Before copying, set the pictures aside; then repeat every line below verbatim.
Start of GIVEN DATA
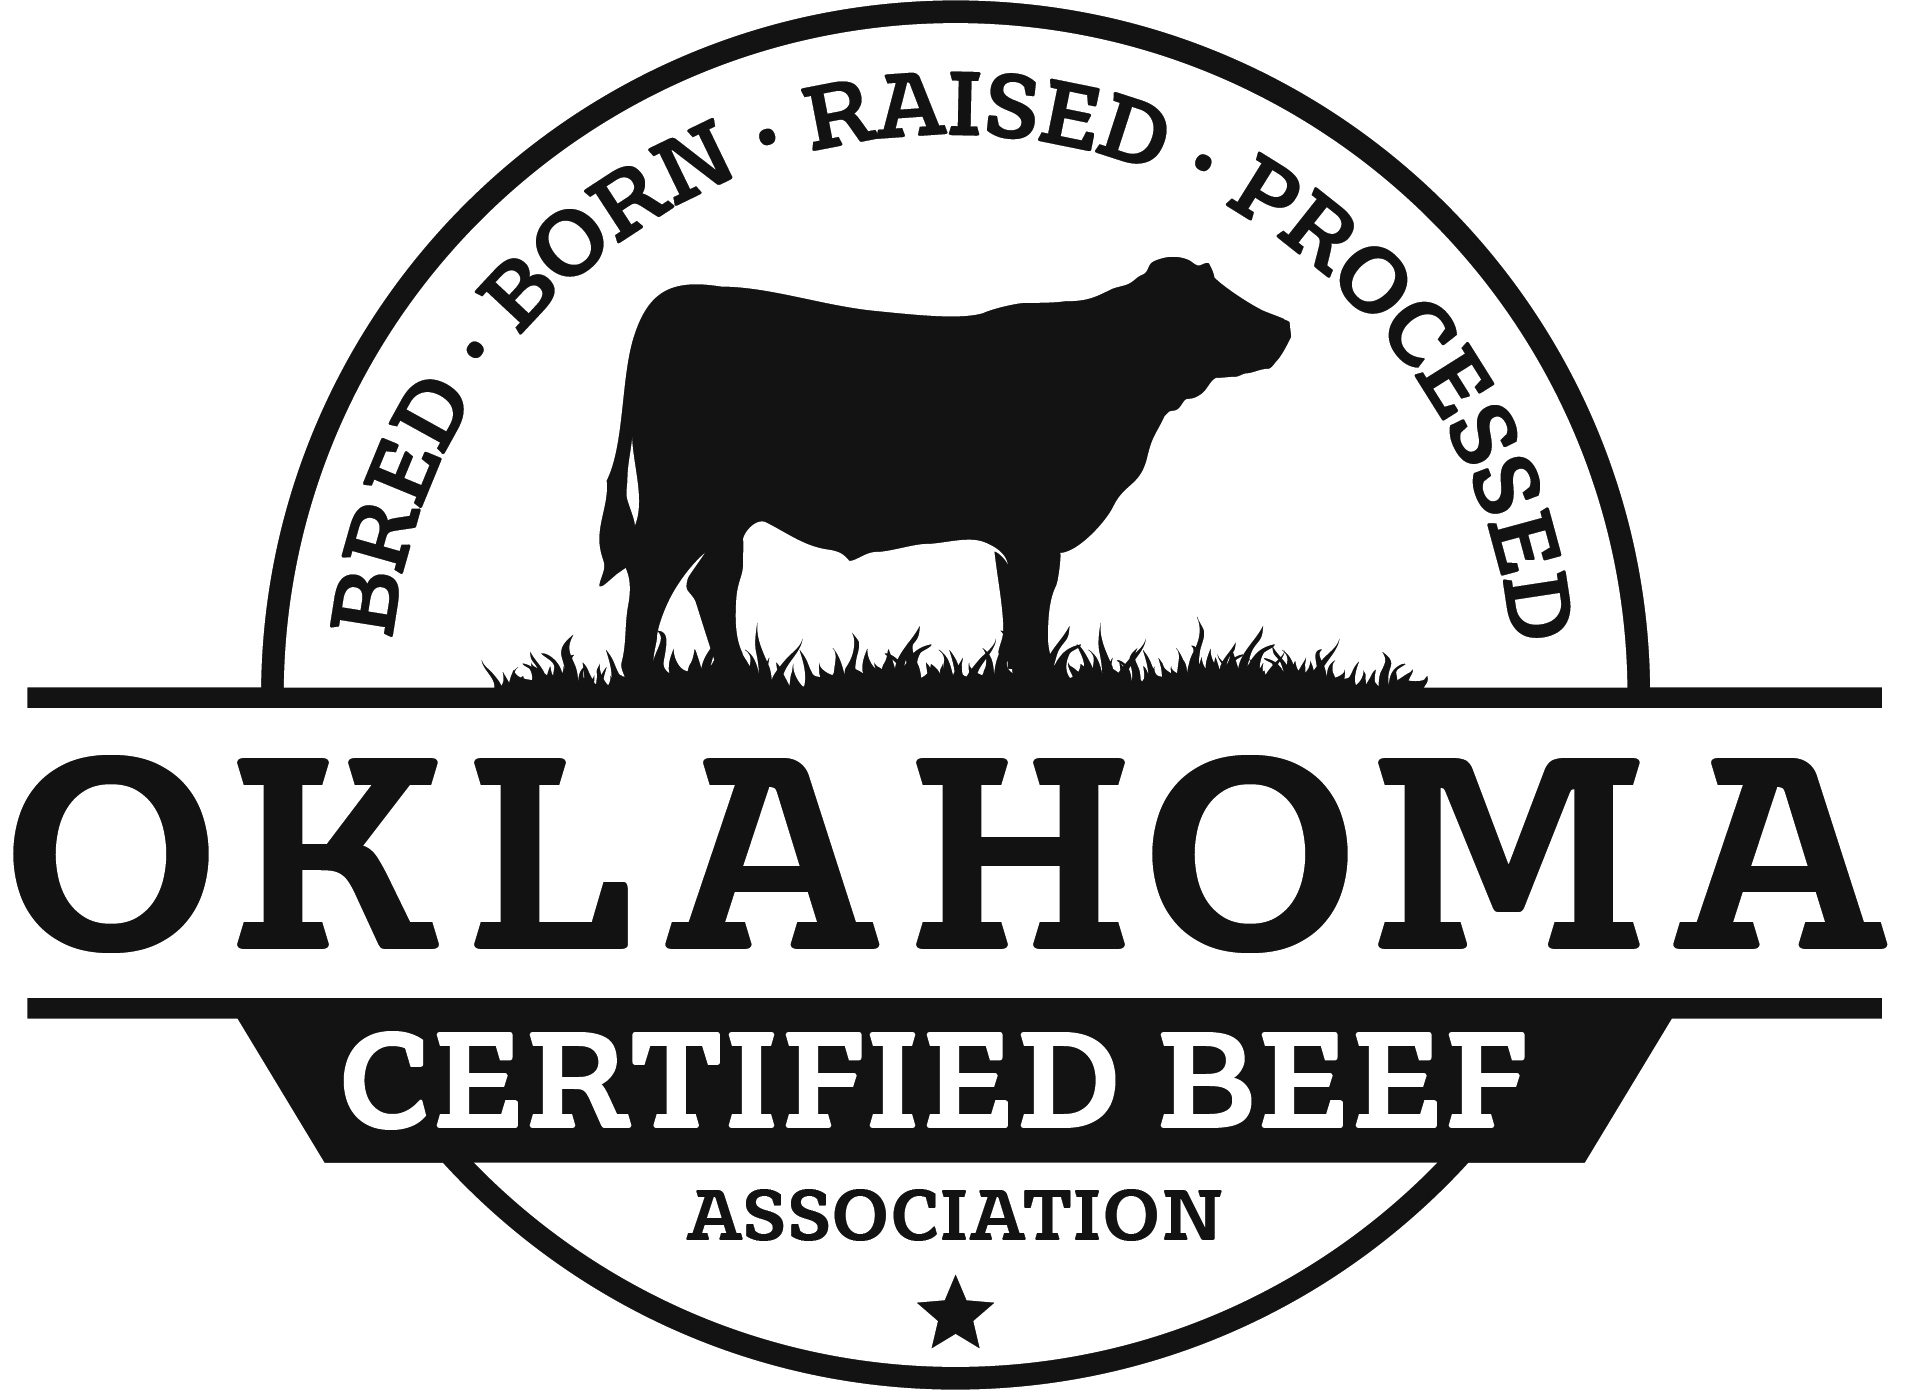 Oklahoma Certified Beef Association Formed to Provide Consumers Oklahoma Certified Beef
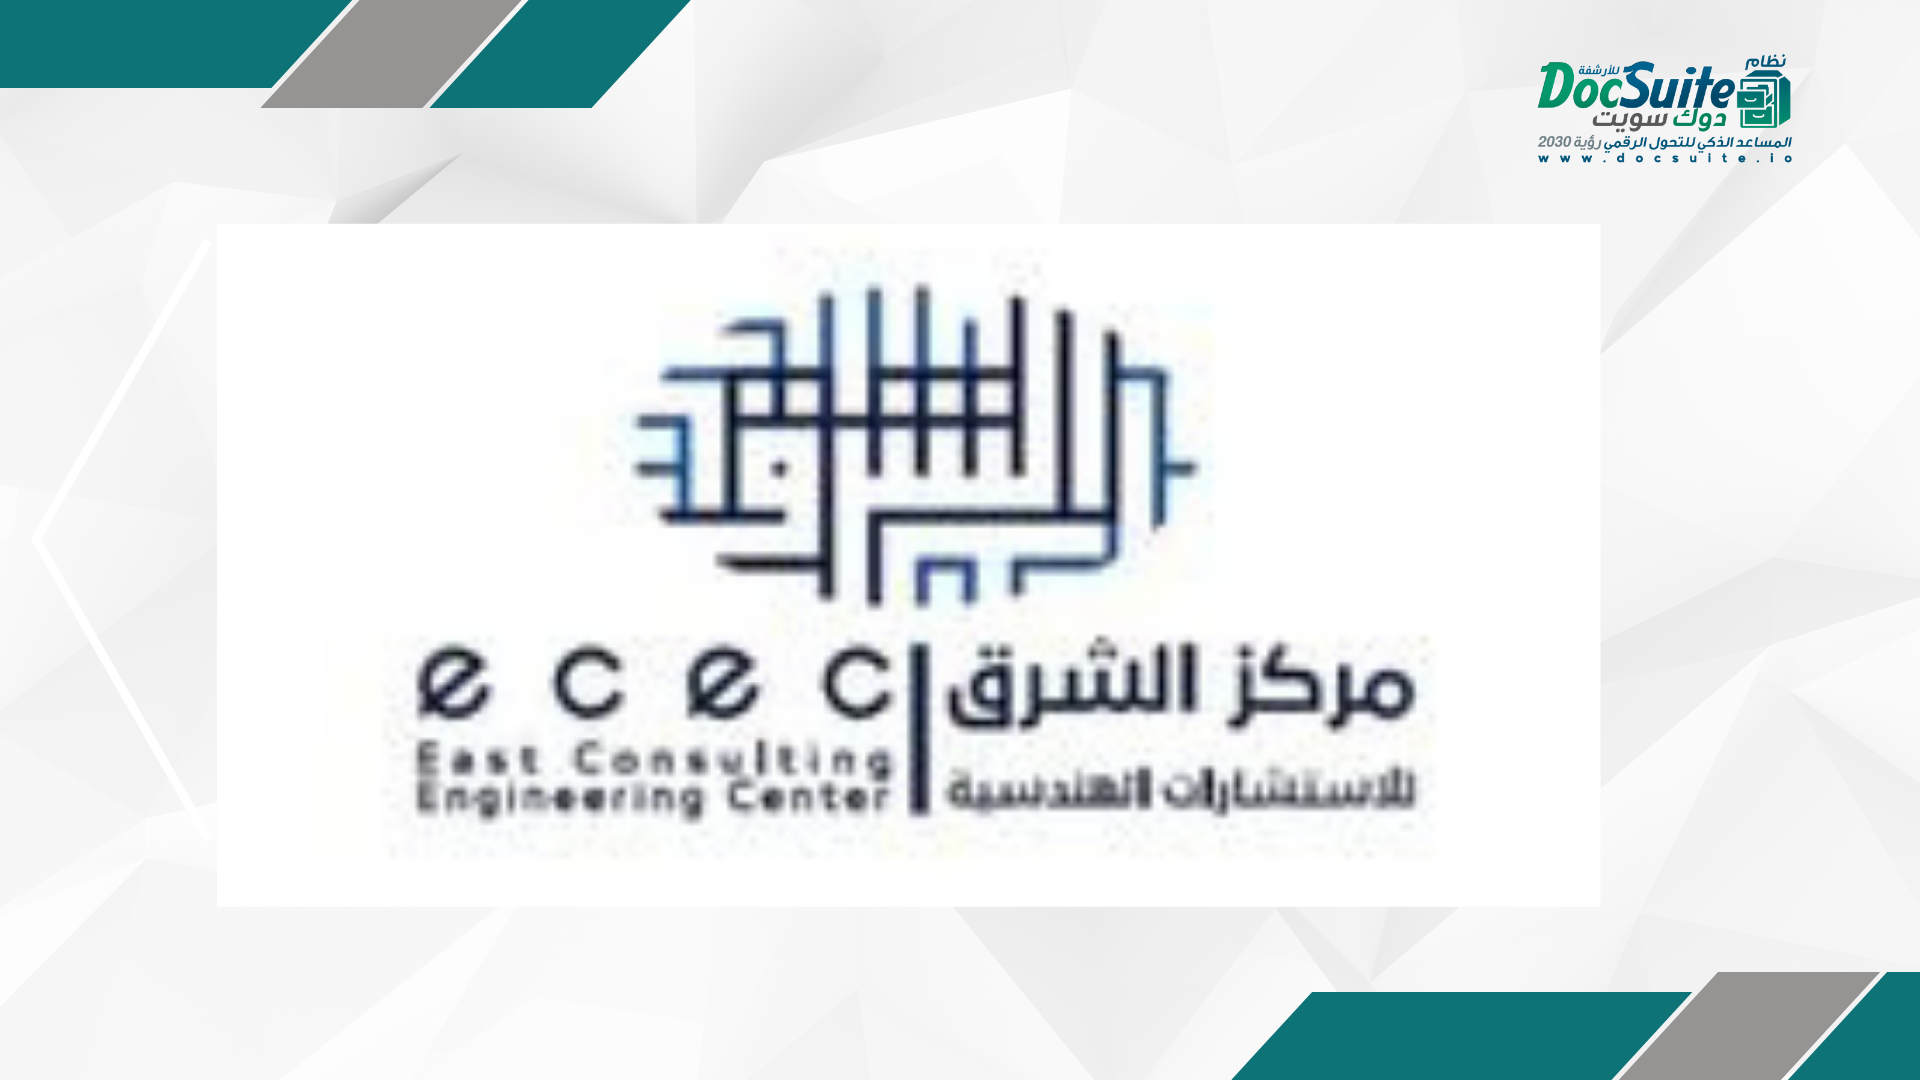 The electronic archiving revolution at Al Sharq Engineering Consulting Company
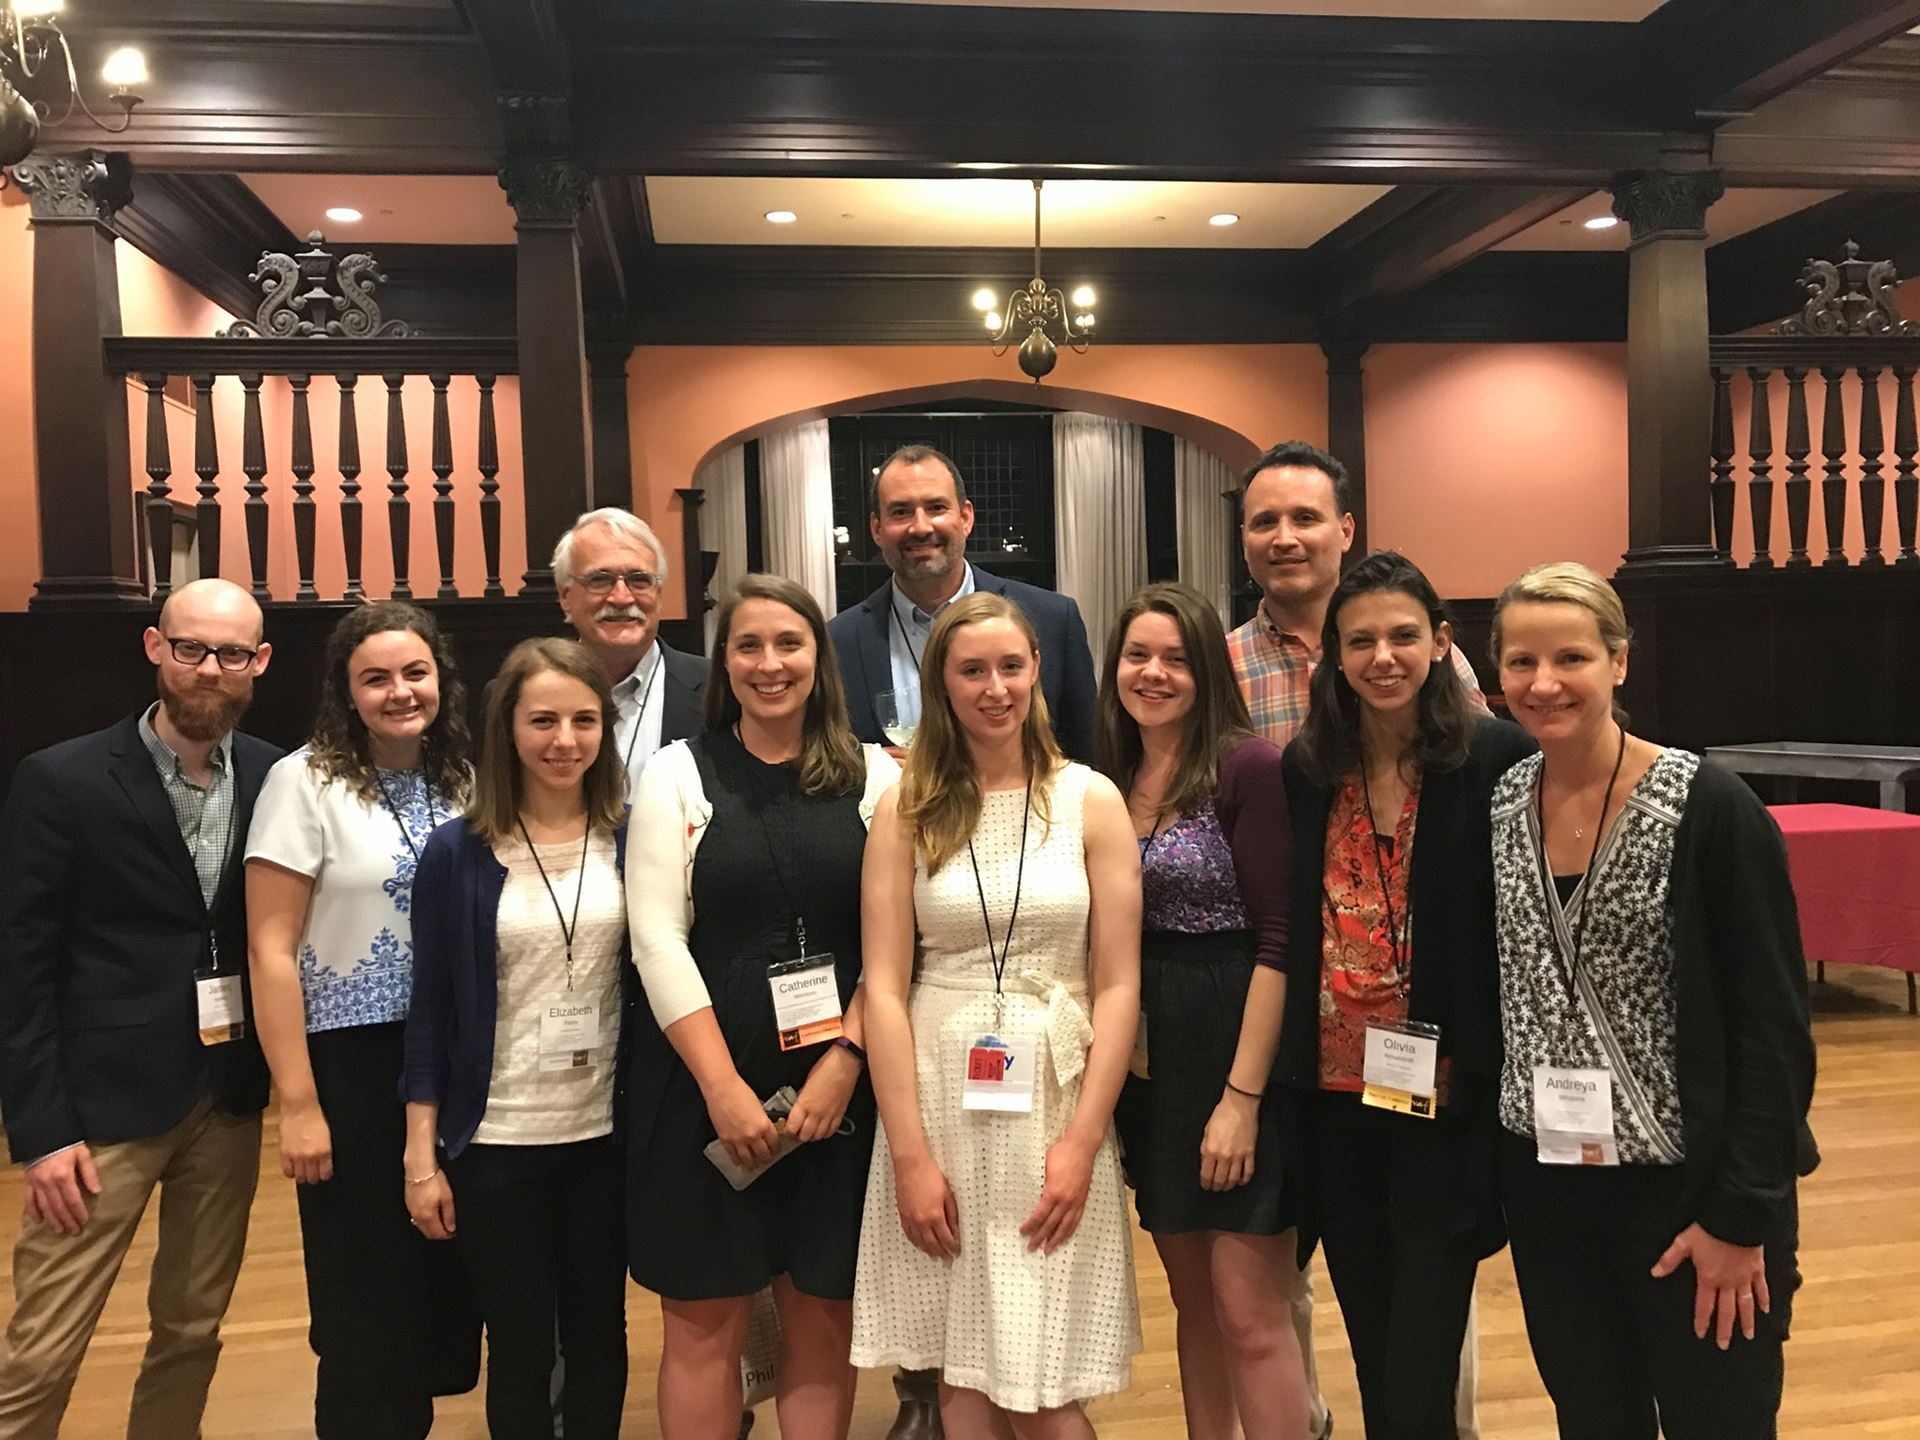 University of Delaware Ambassadors at UPenn. Front Row James Kelleher (Winterthur, Class of 2020), Bethany McGlyn (Winterthur, Class of 2020), Elizabeth Palms (Winterthur, Class of 2020), Catherine Morrissey (CHAD Assistant Director Faculty Sponsor), Mary Fesak (UD-American Civilization PhD), Kimberley Showell (UD-Historic Preservation Graduate Certificate Class of 2019), Olivia Armandroff (Winterthur, Class of 2020), and Andreya Mihaloew (UD-Historic Preservation Graduate Certificate Class of 2019). Back Row Ritchie Garrison (Director of Winterthur Program), Michael J. Emmons, Jr. (CHAD Faculty Sponsor), and Jamie McGee (UD-Historic Preservation Graduate Certificate Class of 2019)
End of GIVEN DATA
*WRITTEN RESPONSE*
 Oklahoma Certified Beef Association Formed to Provide Consumers Oklahoma Certified Beef
 The electronic archiving revolution at Al Sharq Engineering Consulting Company
 University of Delaware Ambassadors at UPenn. Front Row James Kelleher (Winterthur, Class of 2020), Bethany McGlyn (Winterthur, Class of 2020), Elizabeth Palms (Winterthur, Class of 2020), Catherine Morrissey (CHAD Assistant Director Faculty Sponsor), Mary Fesak (UD-American Civilization PhD), Kimberley Showell (UD-Historic Preservation Graduate Certificate Class of 2019), Olivia Armandroff (Winterthur, Class of 2020), and Andreya Mihaloew (UD-Historic Preservation Graduate Certificate Class of 2019). Back Row Ritchie Garrison (Director of Winterthur Program), Michael J. Emmons, Jr. (CHAD Faculty Sponsor), and Jamie McGee (UD-Historic Preservation Graduate Certificate Class of 2019)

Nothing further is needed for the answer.